I'm not arguing the legal aspect, though. It's clear-cut in many countries: downloading e-books is as illegal as removing the DRM from books (in the EU that is the exact same regulation). I'm not saying that downloading copyrighted material is legally acceptable. It isn't. No question there.

What I was discussing was the claim that people pirating e-books, music or movies jeopardizes the livelihood of the artists. That I do question. This isn't clear-cut at all to me and I don't see evidence that suggests that it is a big deal. Certainly not big enough to invade the privacy of customers and impose additional disadvantages for buying books. This doesn't discourage piracy. It encourages it. There is something fundamentally flawed if buying a book is a worse deal than pirating it (cost aside, obviously). DRM is basically a slap in the face of the people who are willing to pay money. If I fought like this with my customers, I'd soon have none.

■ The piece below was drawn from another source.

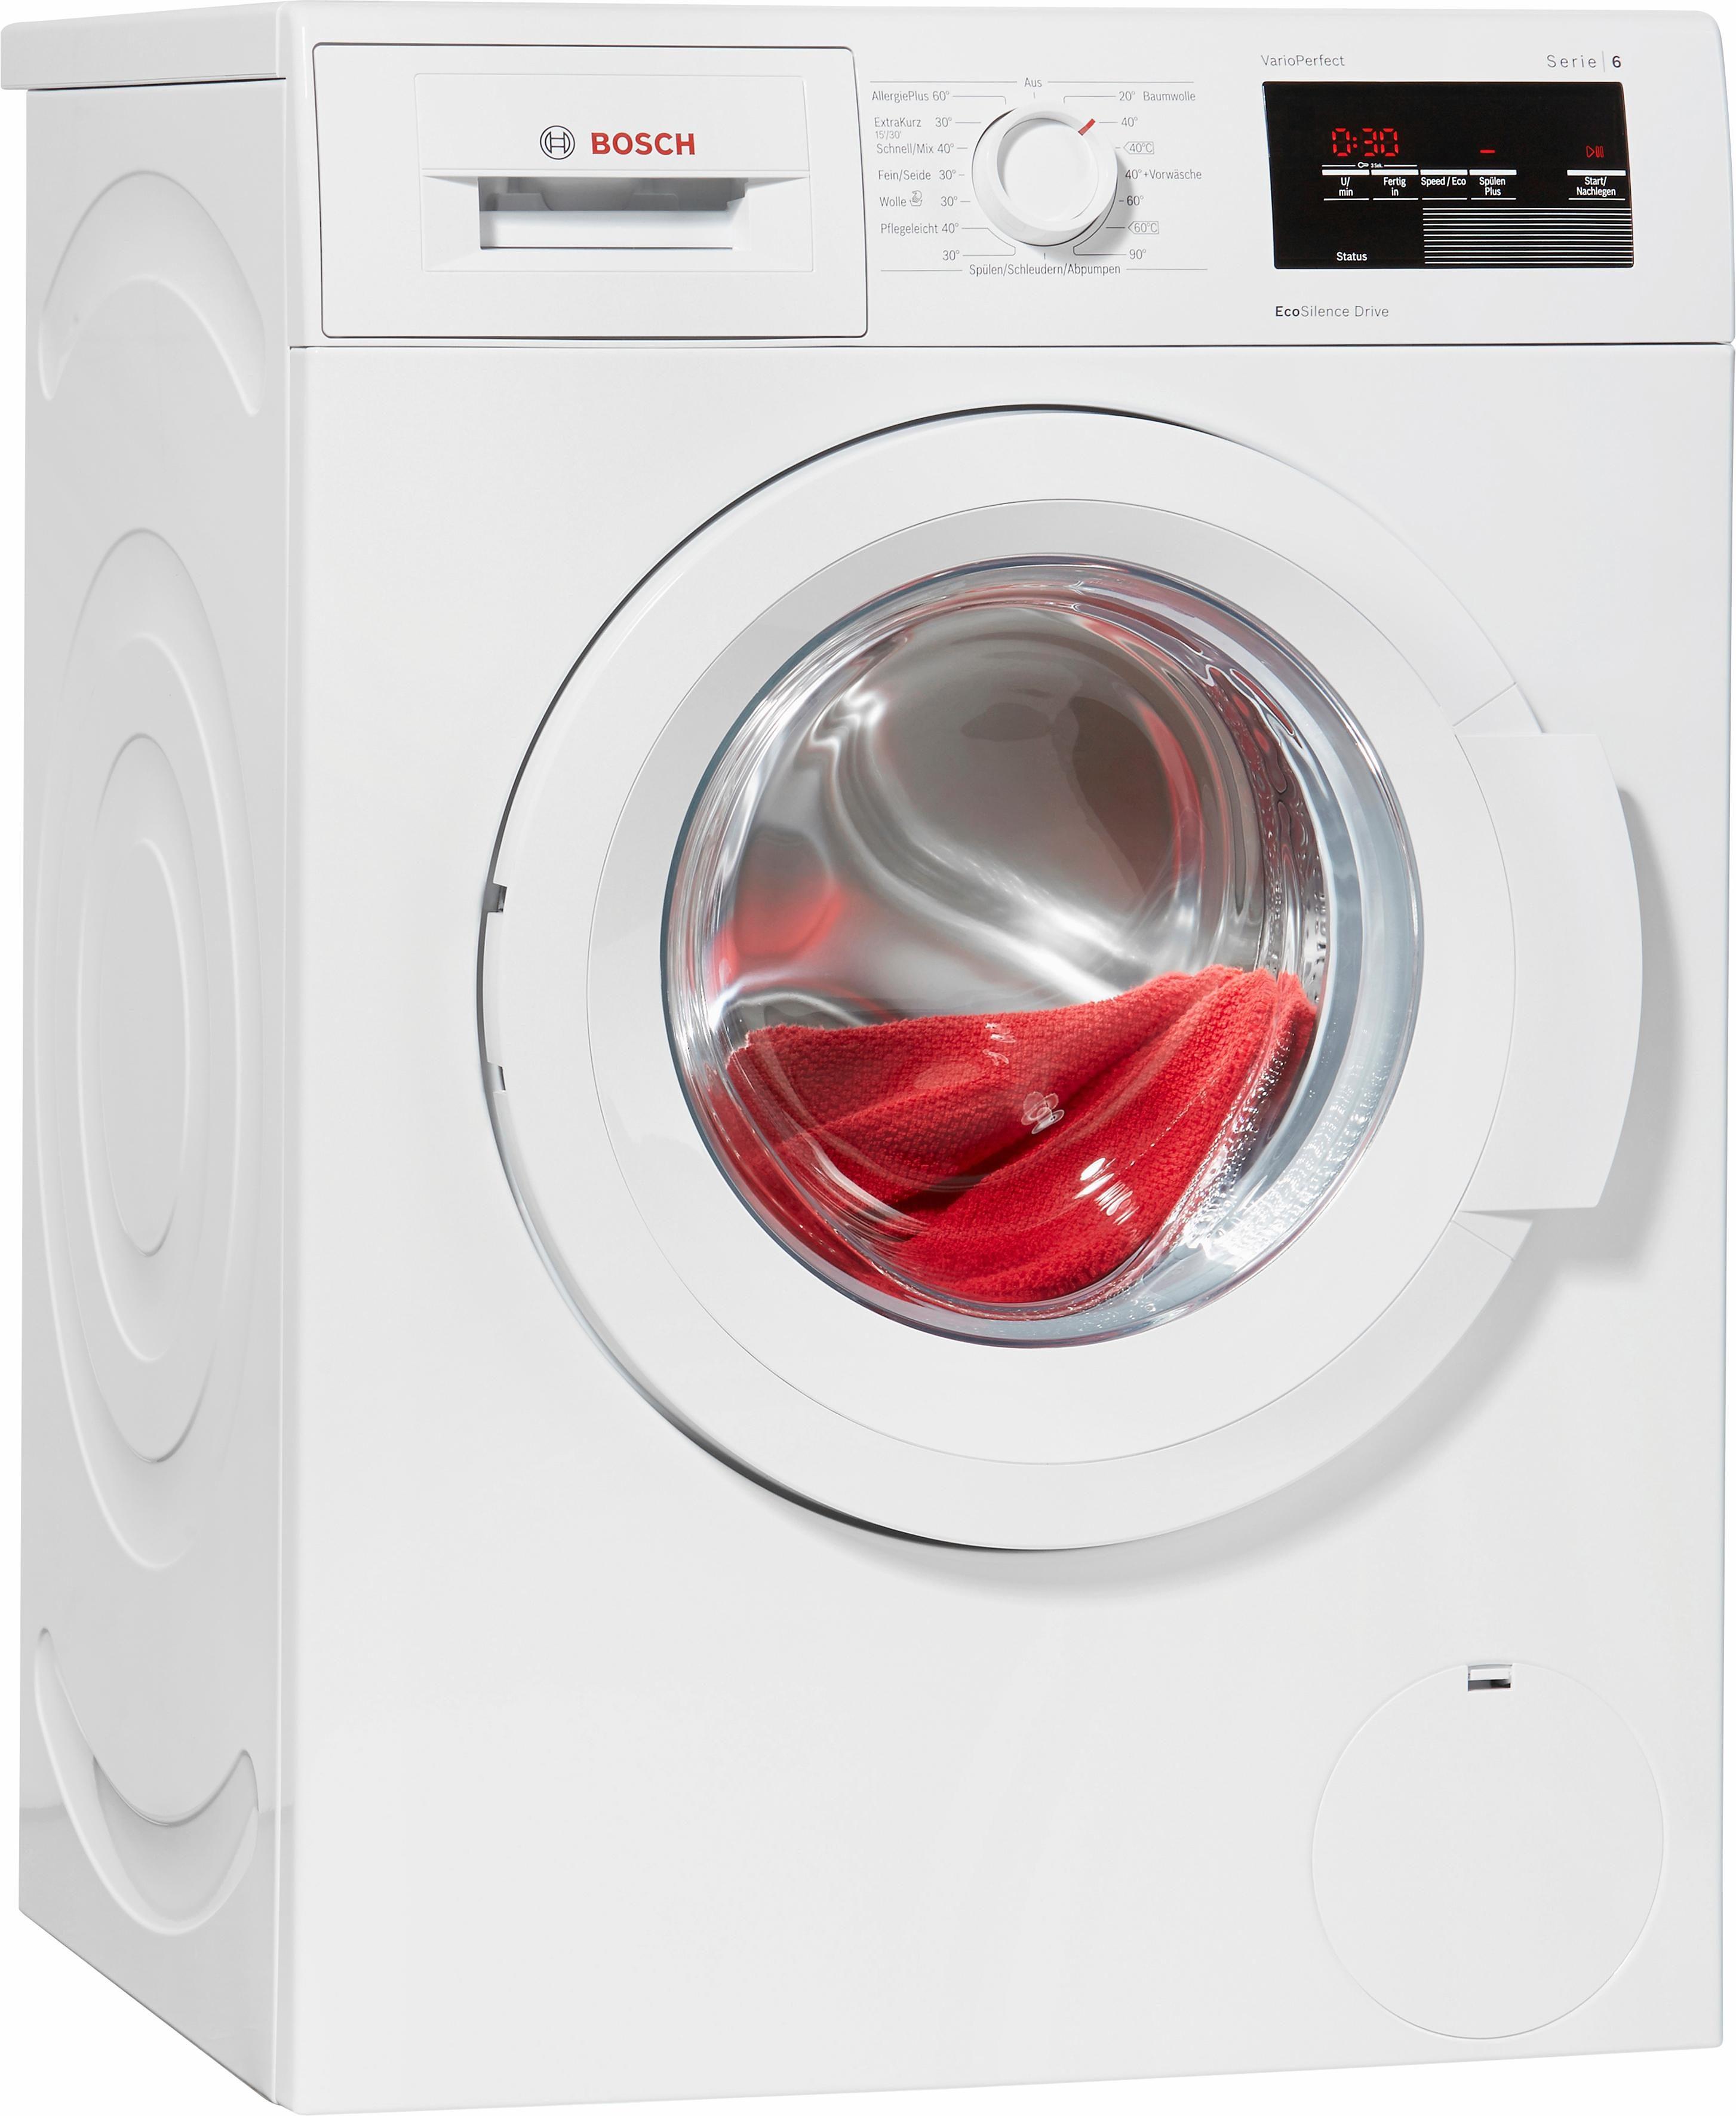 BOSCH Waschmaschine Serie 6 WAT28320, A+++, 7 kg, 1400 U/Min

I do feel that it's fruitful to focus on practical aspects. The "why" people pirate instead of buying, and how that could be addressed. Punishment works to a degree (takes unreasonable amounts of resources), but I much prefer positive encouragement. It's more effective and also much cheaper. In a perfect world, people wouldn't pirate. But in a perfect world, DRM wouldn't exist and people could re-sell their e-books and digitally purchased music, too, and authors would get the biggest share of the money their works yield, and not the smallest part.

But we're not living in a perfect world, so I think it's worthwhile to look at the reasons for piracy and address those that can be addressed reasonably. Getting stuck on those who never buy anything is aggravating and unproductive. They don't matter economically.